***** RAW DATA

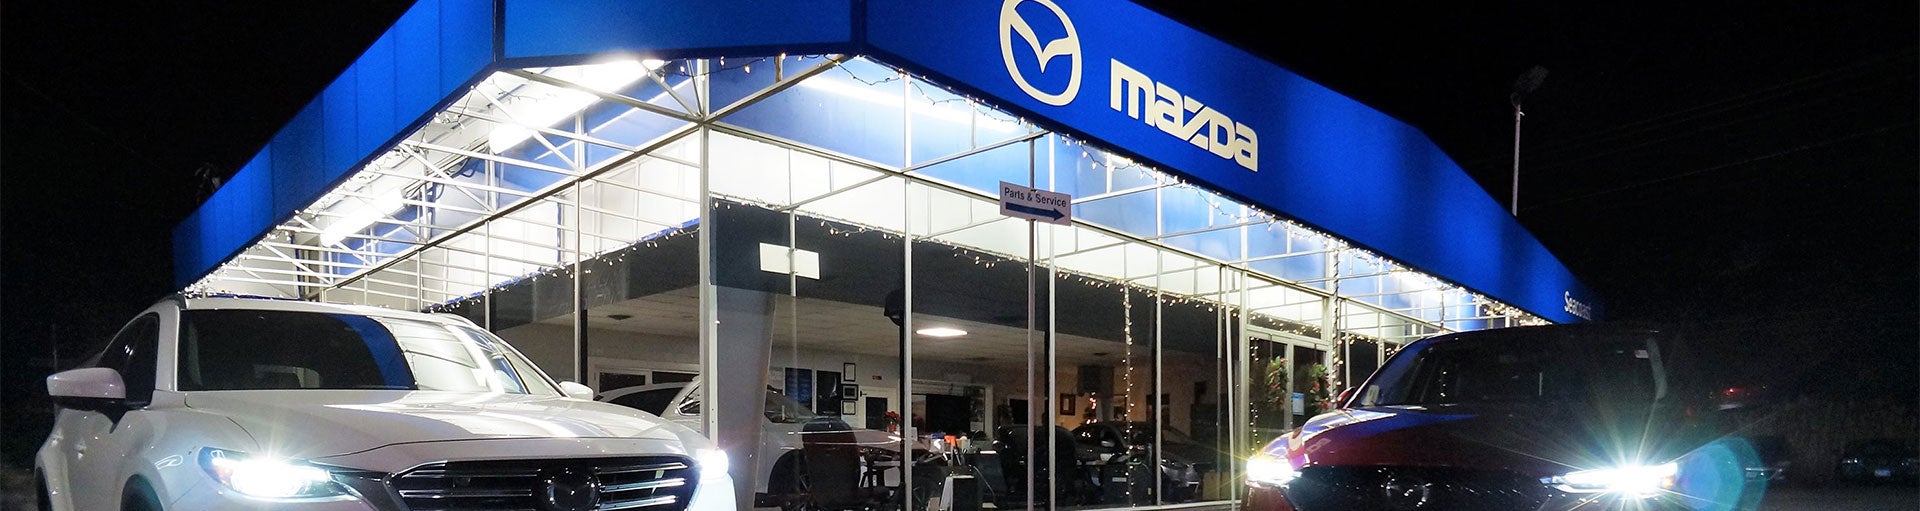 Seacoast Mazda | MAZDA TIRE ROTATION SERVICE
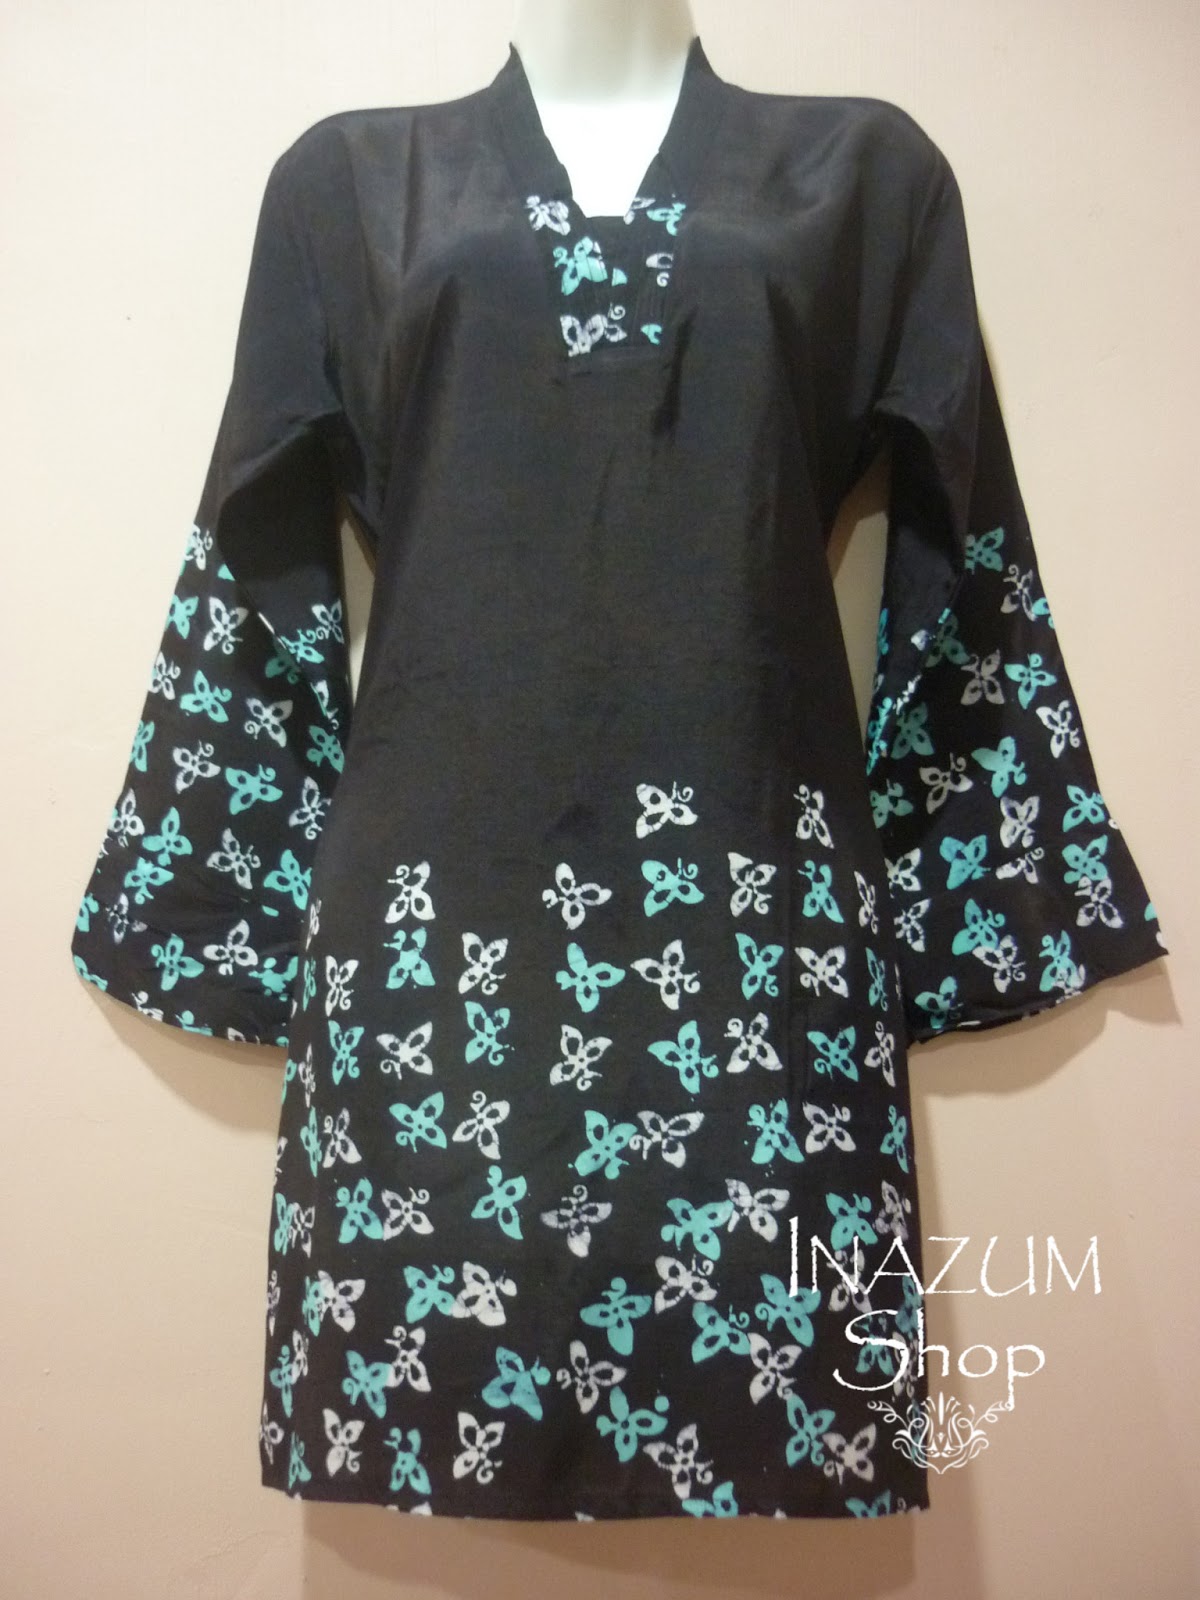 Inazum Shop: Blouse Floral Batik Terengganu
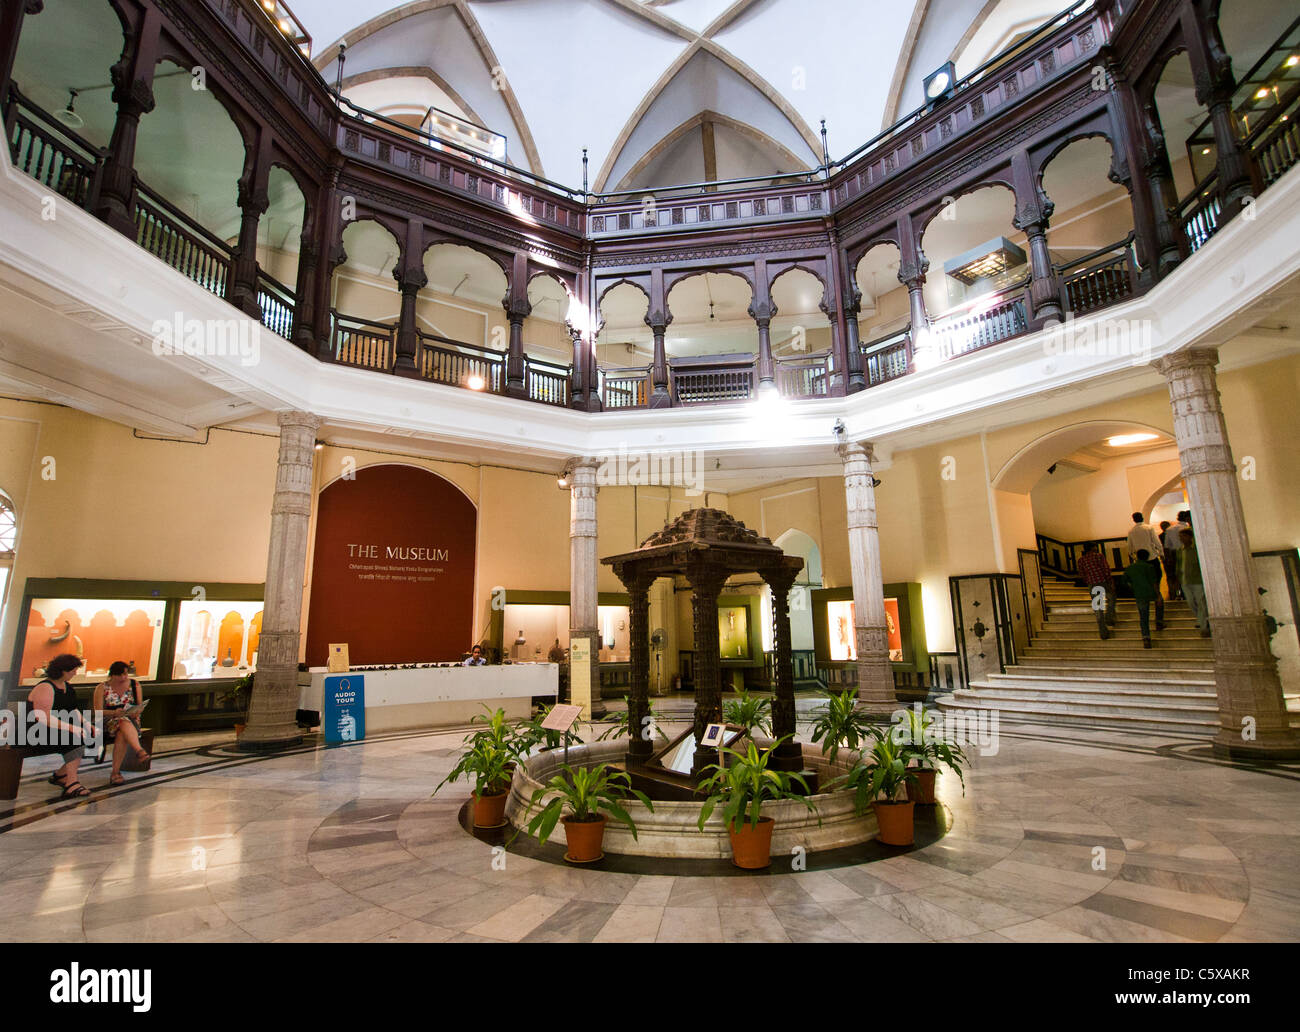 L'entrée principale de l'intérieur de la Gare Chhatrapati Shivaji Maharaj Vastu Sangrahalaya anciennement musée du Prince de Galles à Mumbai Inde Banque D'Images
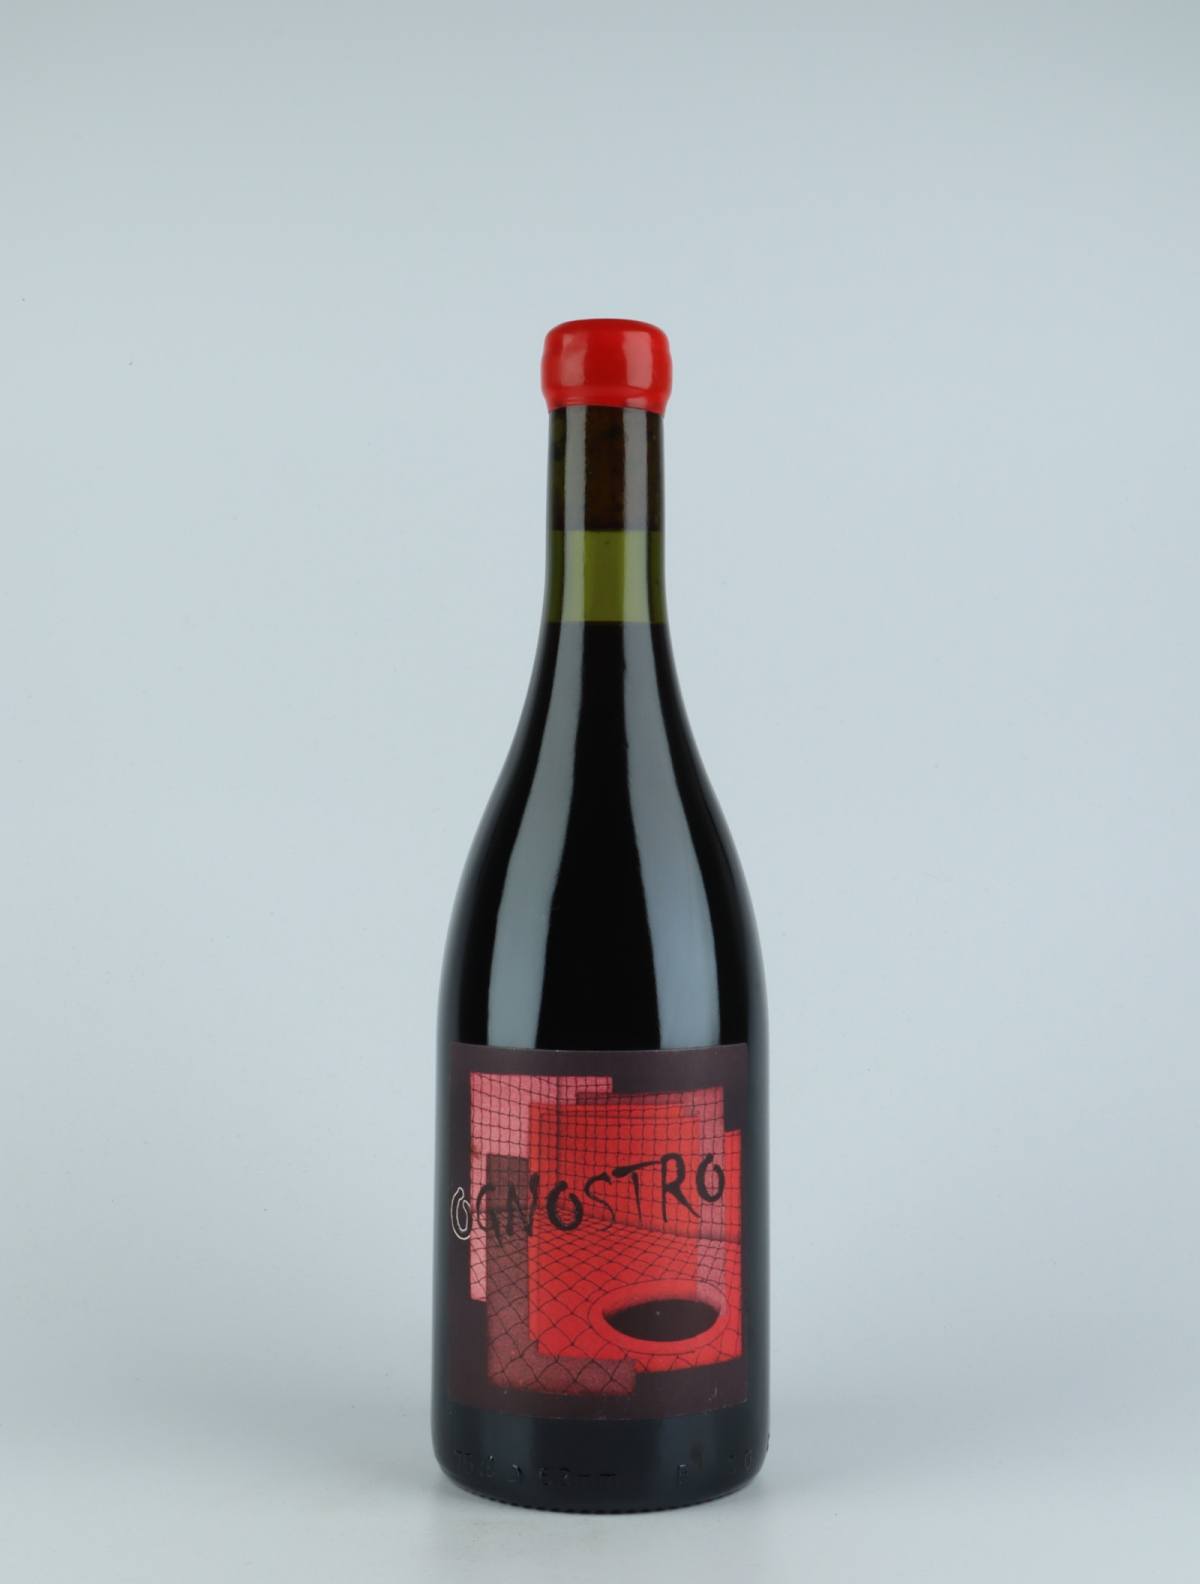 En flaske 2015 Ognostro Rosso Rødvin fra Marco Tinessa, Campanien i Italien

**********

> _EXERCISE_:
Copy all the data exactly as written, but skip any picture.

> _ANSWER SECTION_:
 Seacoast Mazda | MAZDA TIRE ROTATION SERVICE
 Inazum Shop: Blouse Floral Batik Terengganu
 L'entrée principale de l'intérieur de la Gare Chhatrapati Shivaji Maharaj Vastu Sangrahalaya anciennement musée du Prince de Galles à Mumbai Inde Banque D'Images
 En flaske 2015 Ognostro Rosso Rødvin fra Marco Tinessa, Campanien i Italien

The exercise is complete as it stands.